**DATA EXTRACT:**
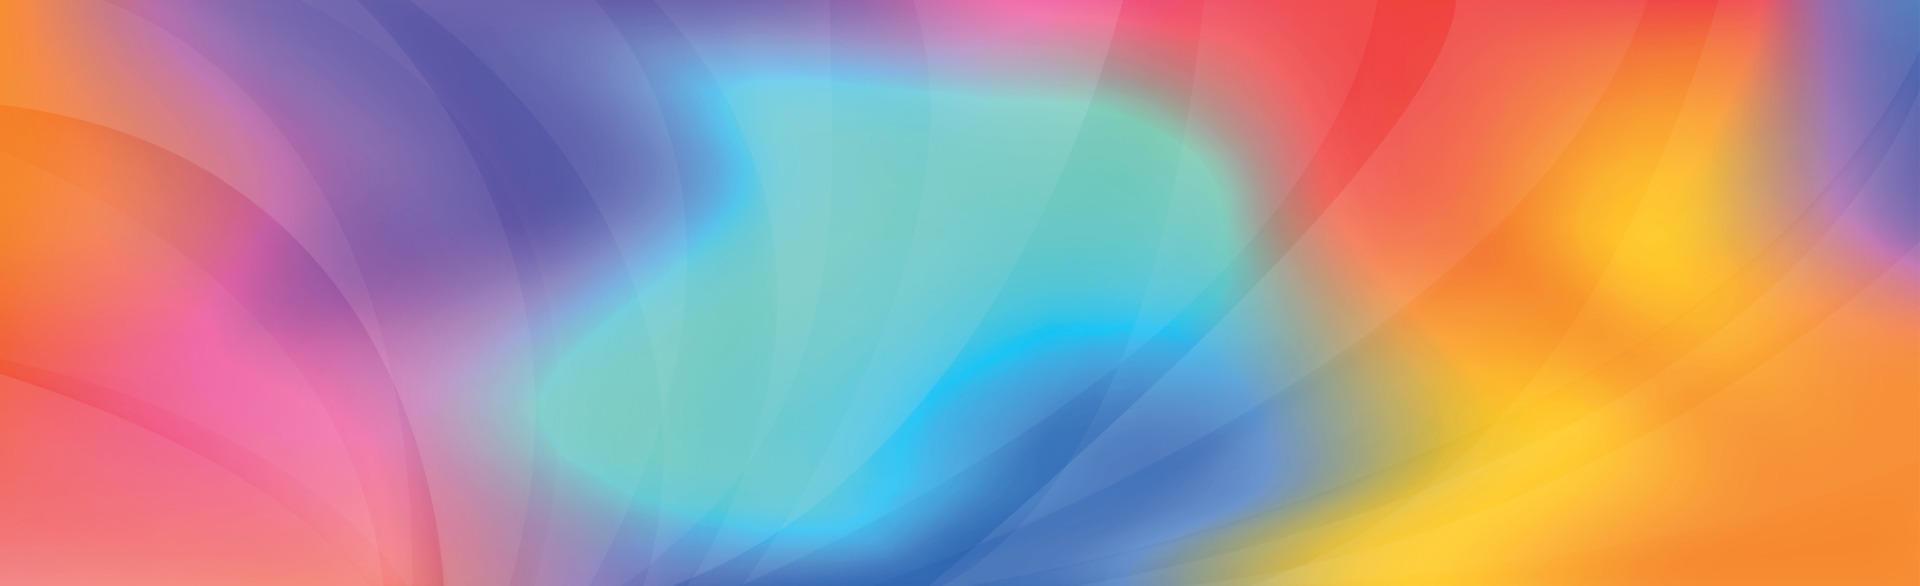 gradiente colorido de fundo web abstrato panorâmico - vetor
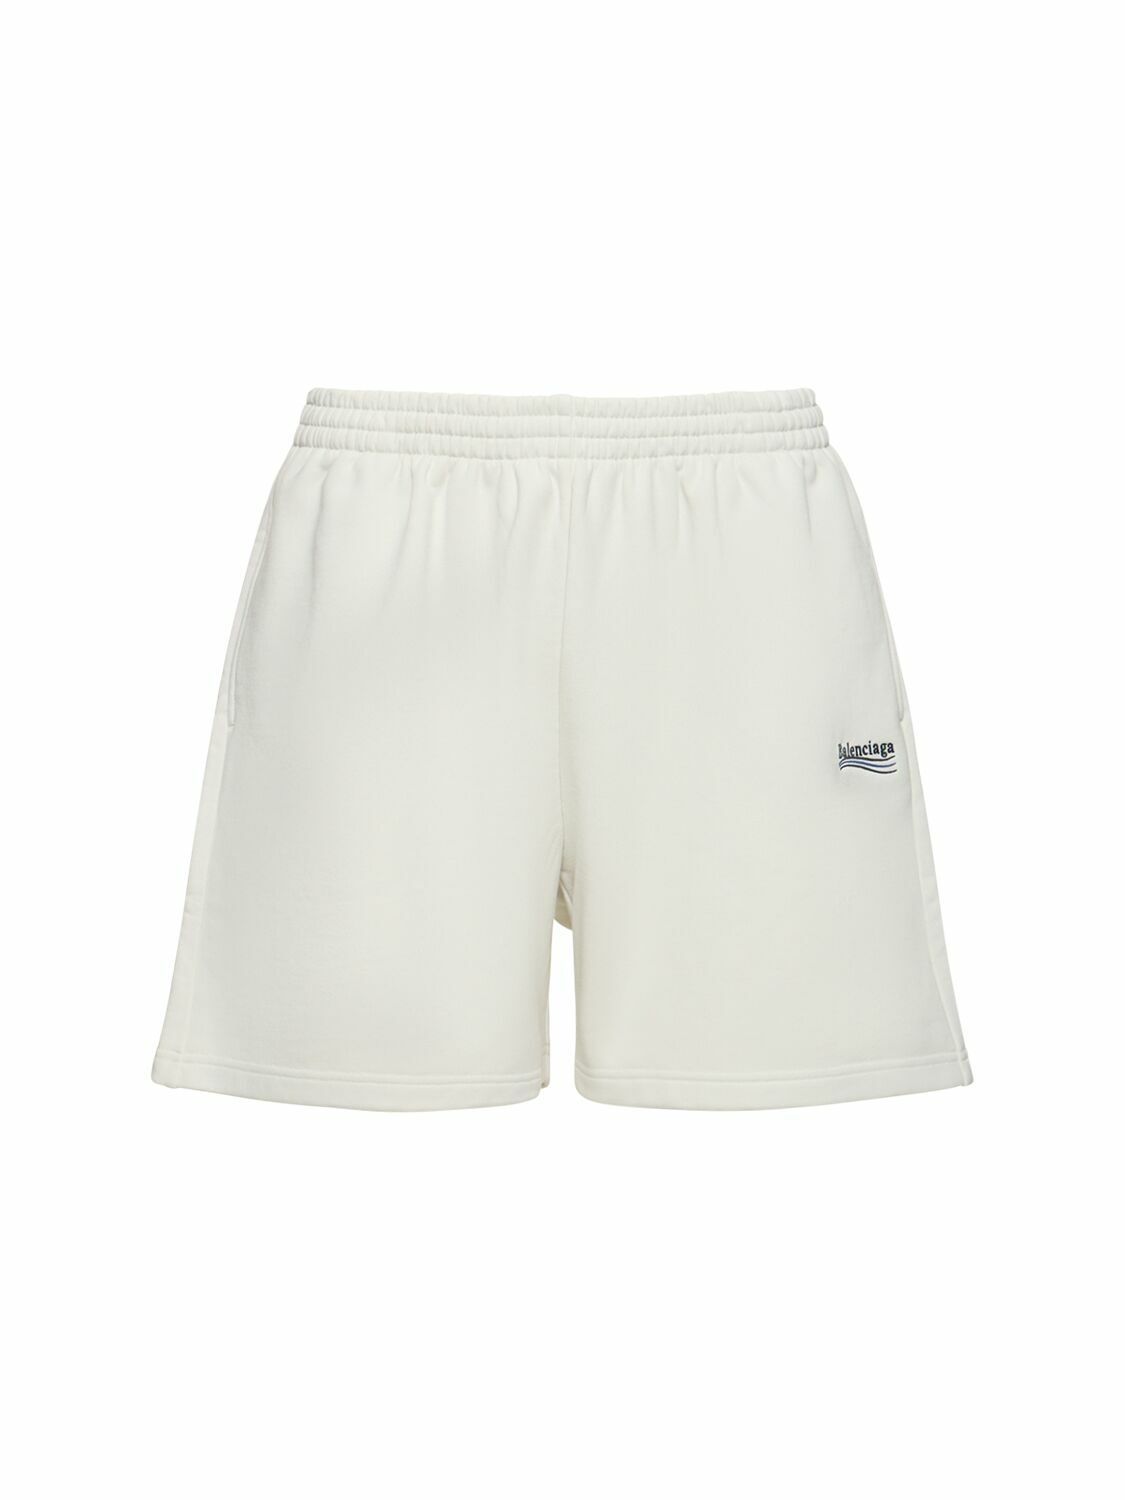 Photo: BALENCIAGA - Cotton Shorts
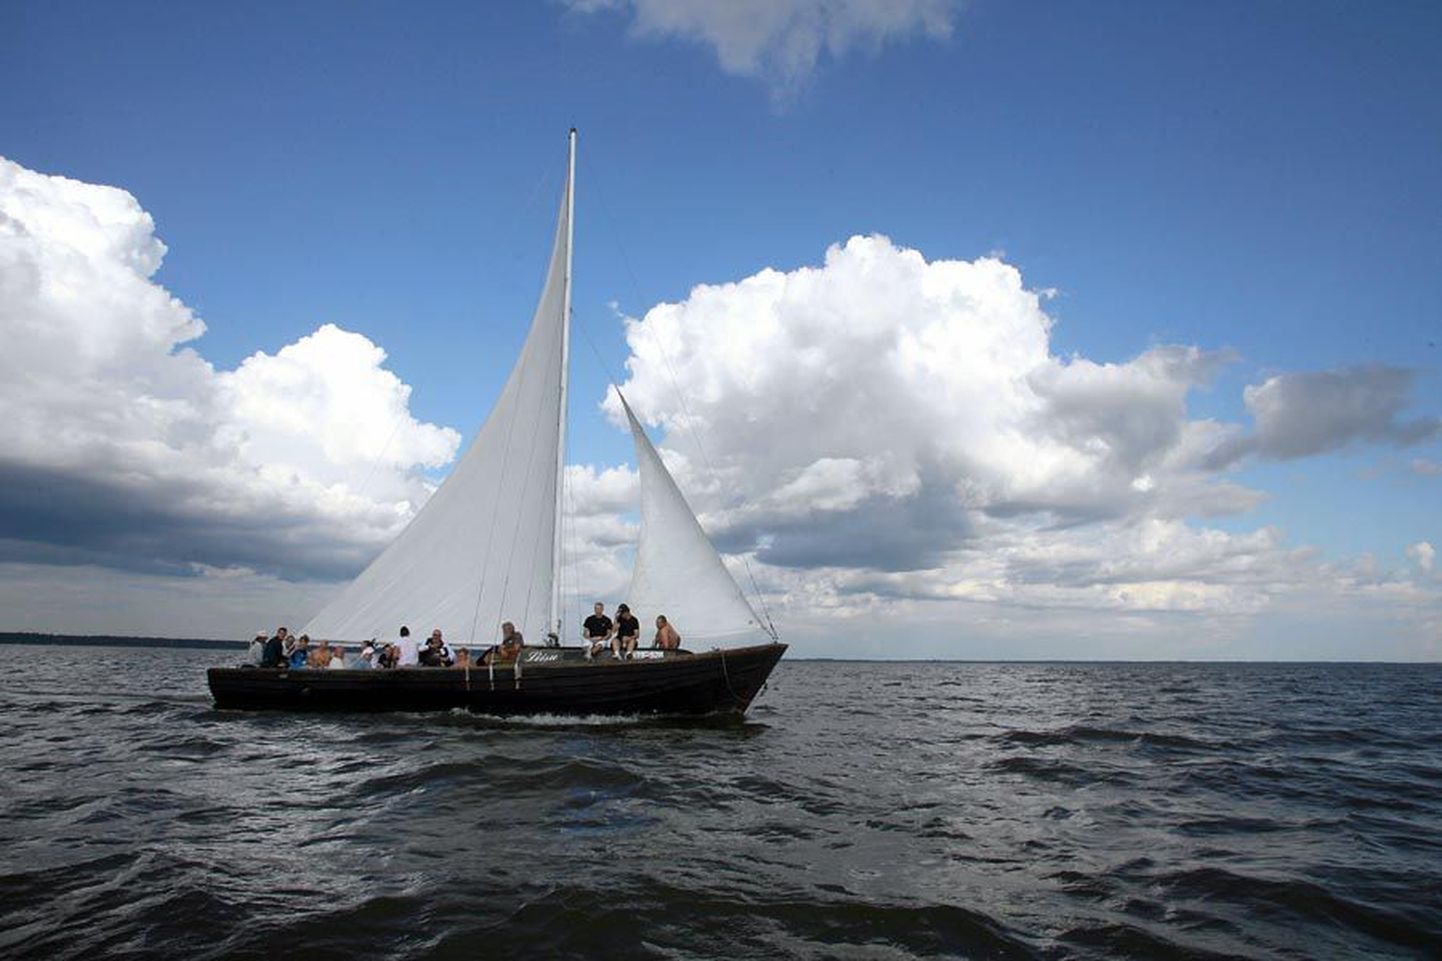 Valmat kodusadamaks pidav purjekas Liisu on juba aastaid lustijaid sõidutades Võrtsjärve laineid kündnud.

**TASK TO COMPLETE:** A word-for-word retyping of the material above is expected, without pictures.

**RESPONSE BELOW:**
 gradiente colorido de fundo web abstrato panorâmico - vetor
 Photo: BALENCIAGA - Cotton Shorts
 Valmat kodusadamaks pidav purjekas Liisu on juba aastaid lustijaid sõidutades Võrtsjärve laineid kündnud.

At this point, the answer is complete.